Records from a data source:
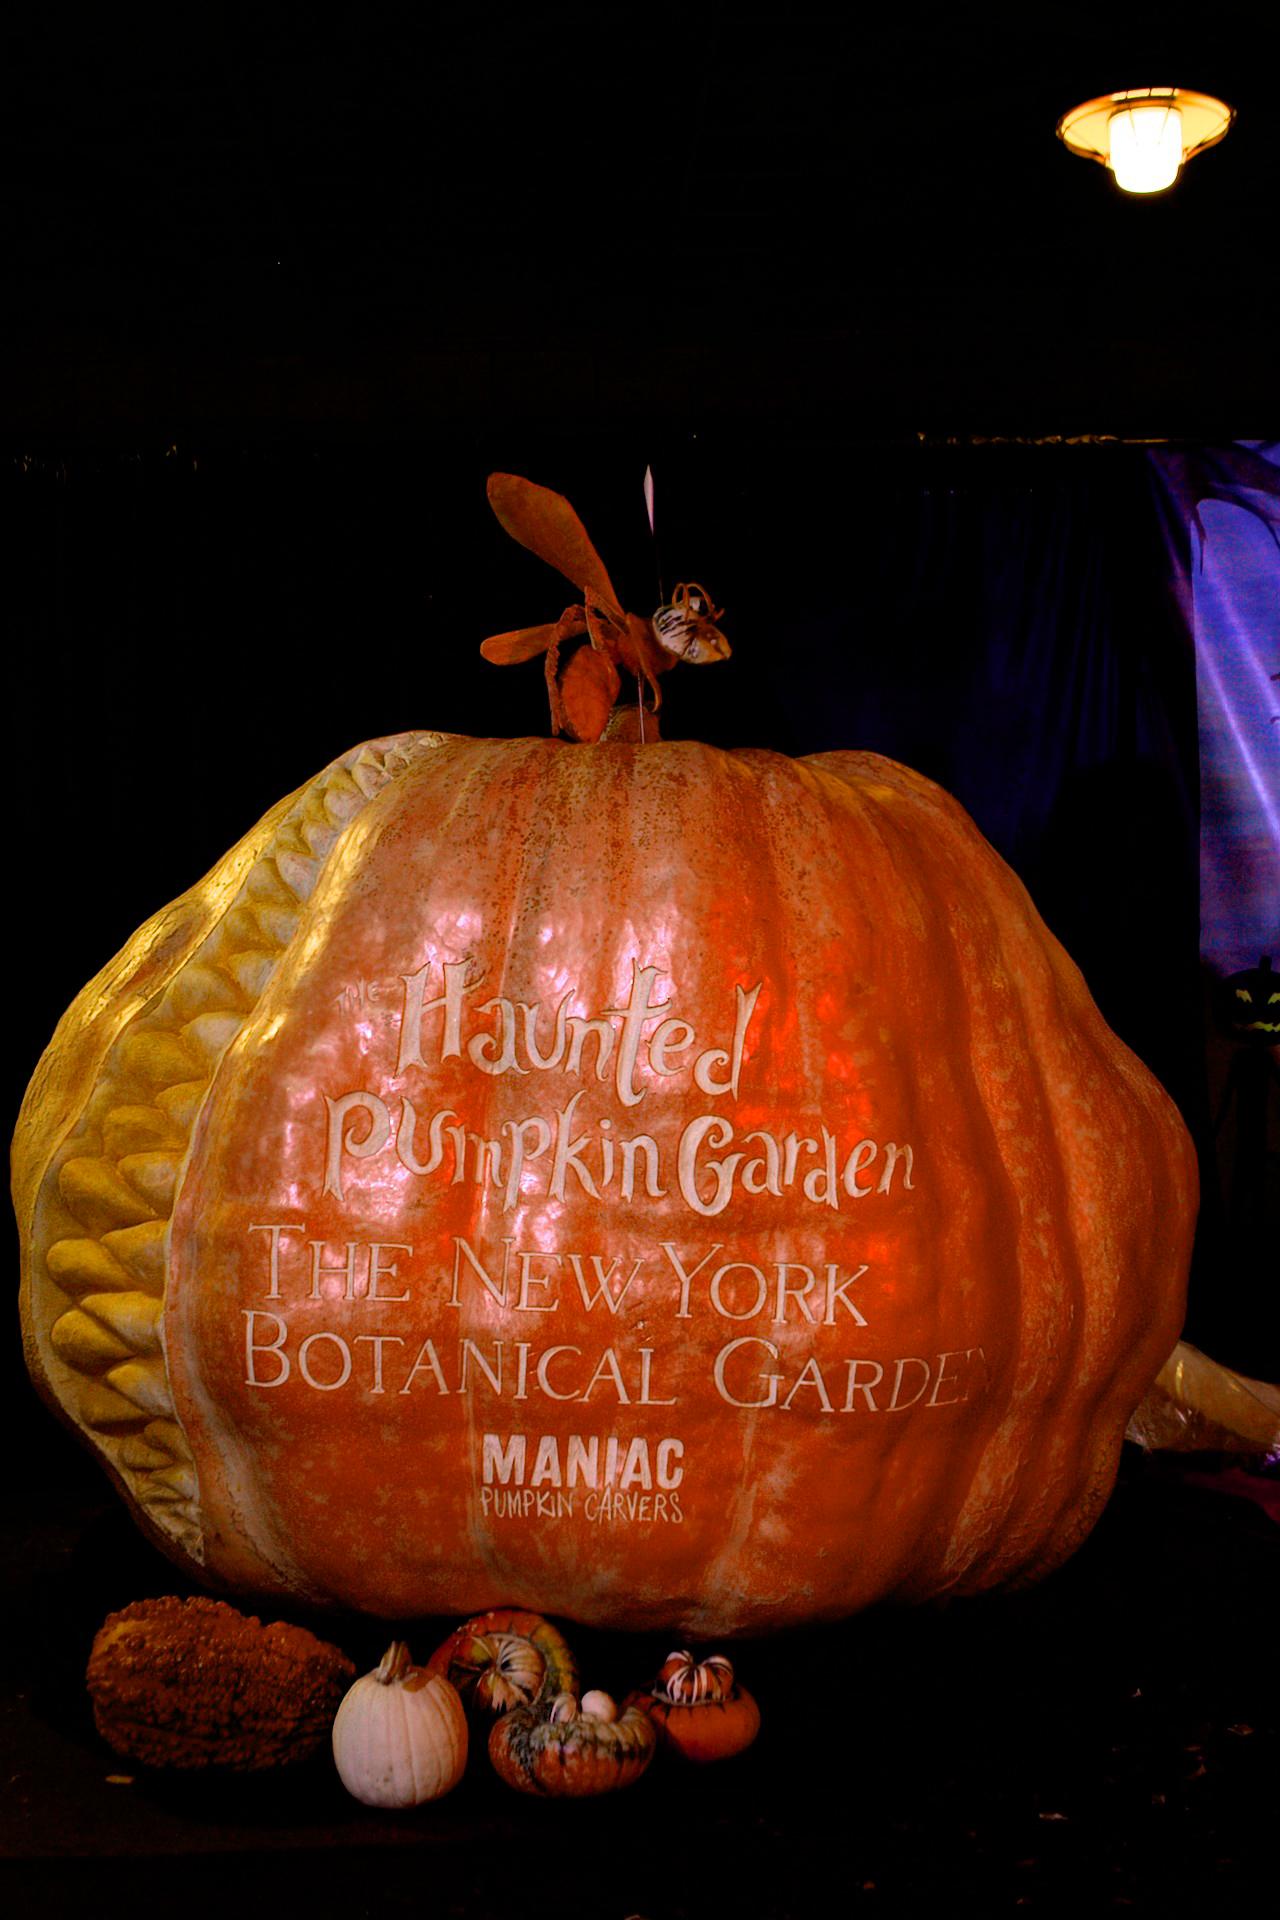 1800 pound pumpkin for New York Botanical Garden
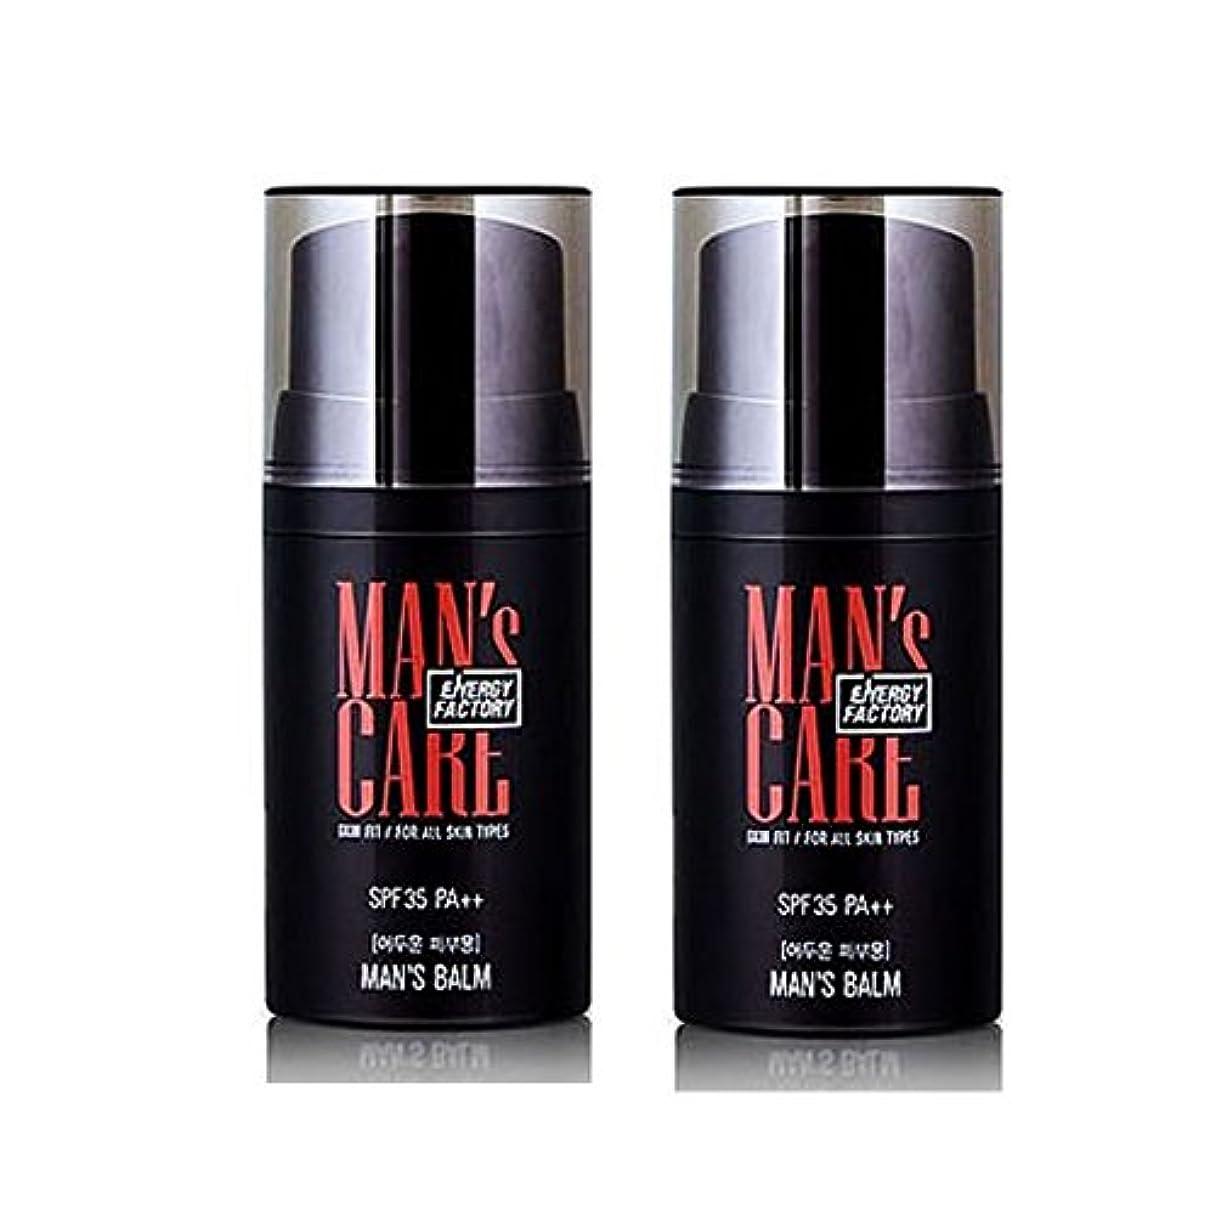 見る韓国後継メンズケアエネルギーファクトリースキンフィット?マンズ?Balm 50ml x 2本セット(明るい肌用、暗い肌用) メンズコスメ、Man's Care Energy Factory Skin Fit Man's Balm...
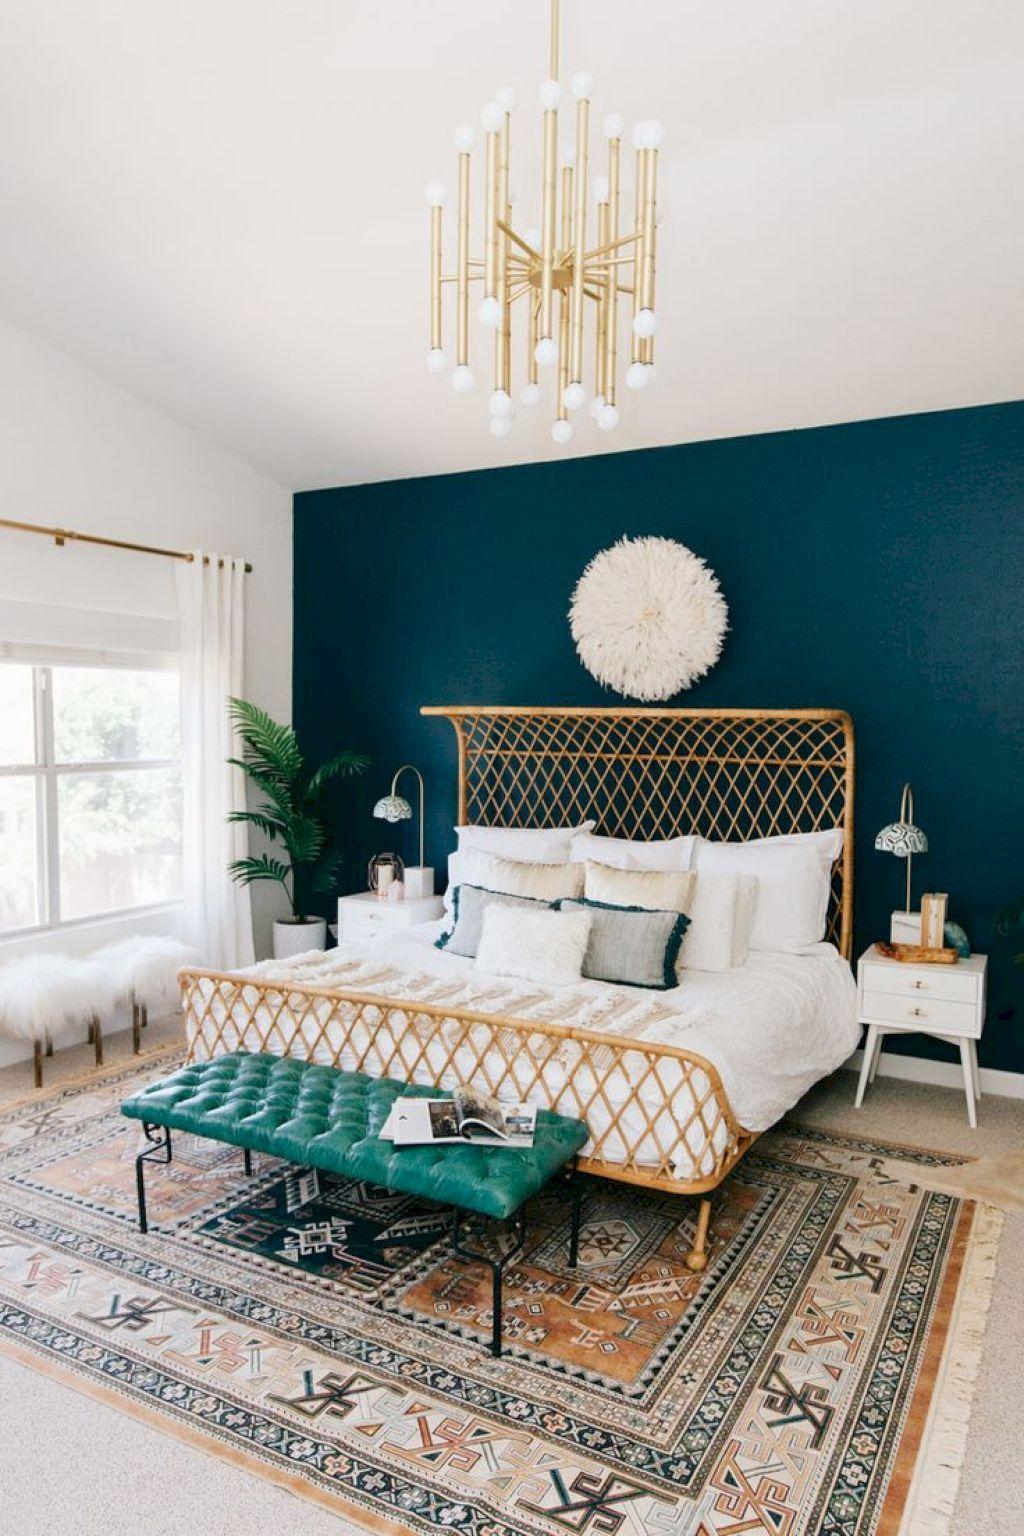 77 comfy bedroom decor ideas pinterest comfy and bedrooms
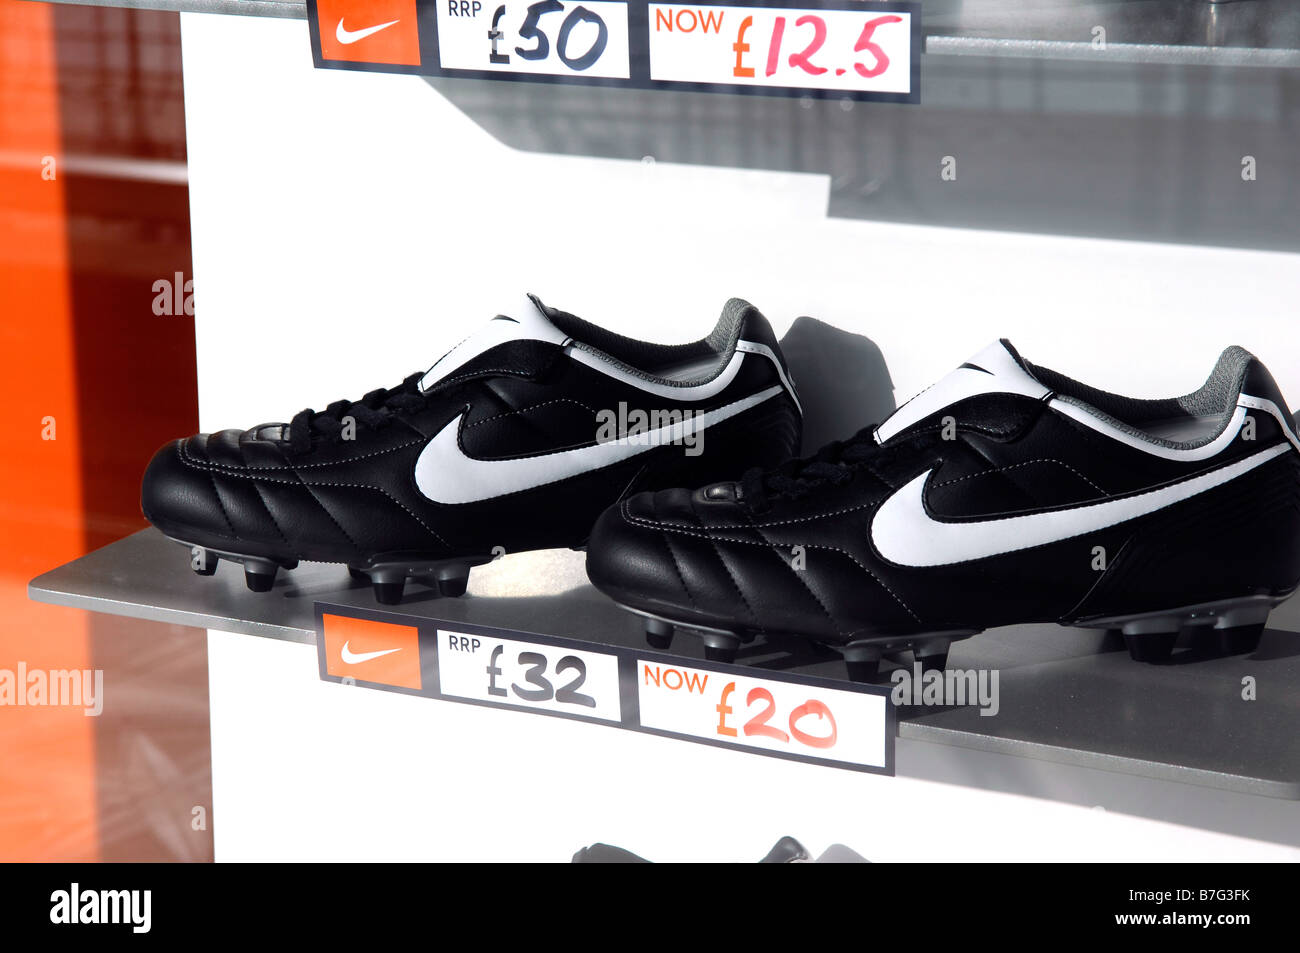 Botas de fútbol nike calzado zapatos de fútbol ventana pantalla reducida  compañía americana moda retail tienda niketown 4b09e31cb662f
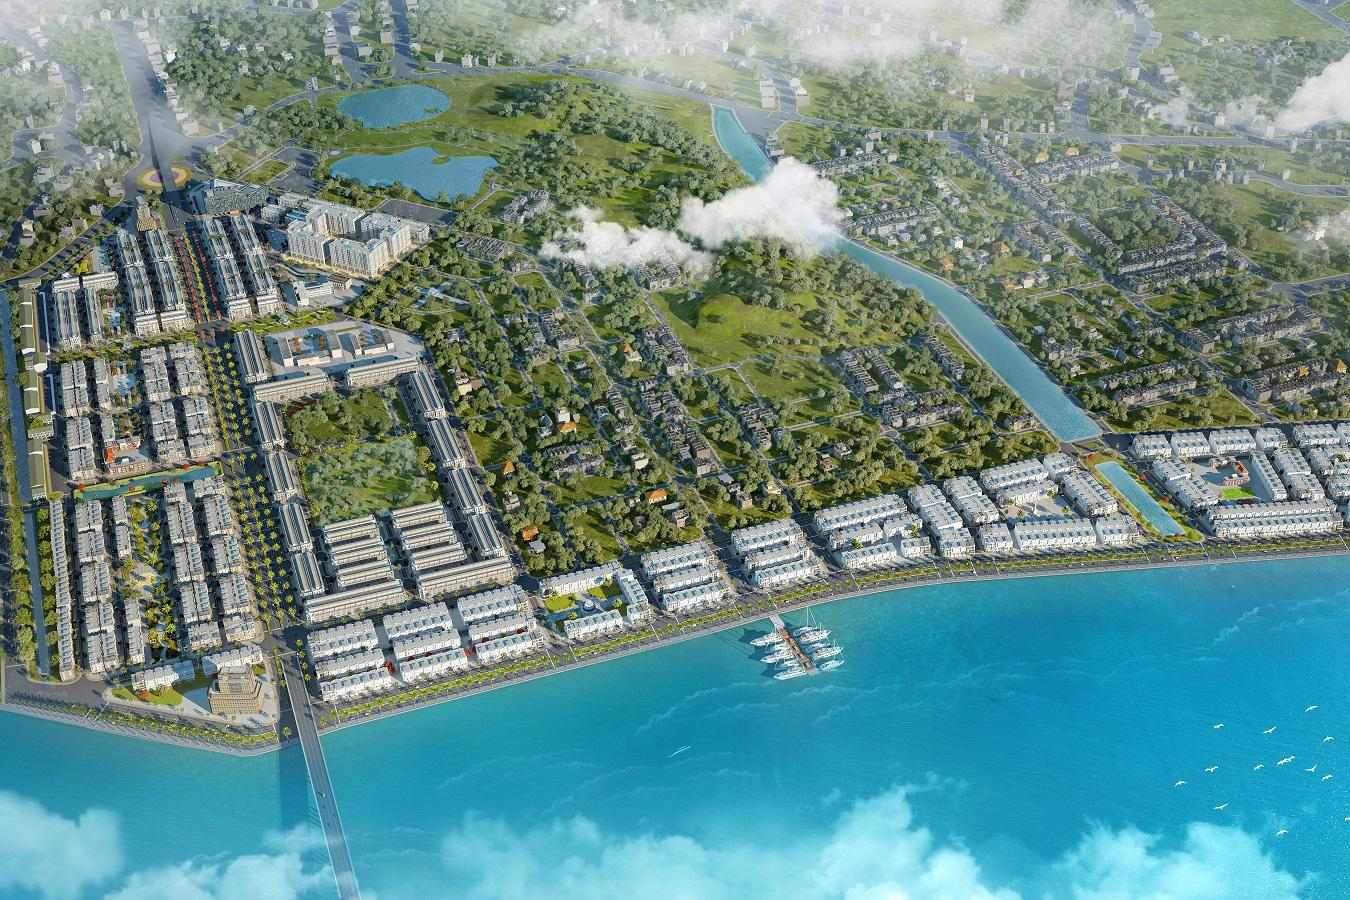 Điều chỉnh giảm vốn đầu tư tại khu đô thị của FLC tại Quảng Ninh

# YOUR ASSIGNMENT
Retype, exactly as written, each line from the one containing "Botas de fútbol" through the end of the data above, and leave out every picture.

# YOUR RESPONSE
 Botas de fútbol nike calzado zapatos de fútbol ventana pantalla reducida  compañía americana moda retail tienda niketown 4b09e31cb662f
 Điều chỉnh giảm vốn đầu tư tại khu đô thị của FLC tại Quảng Ninh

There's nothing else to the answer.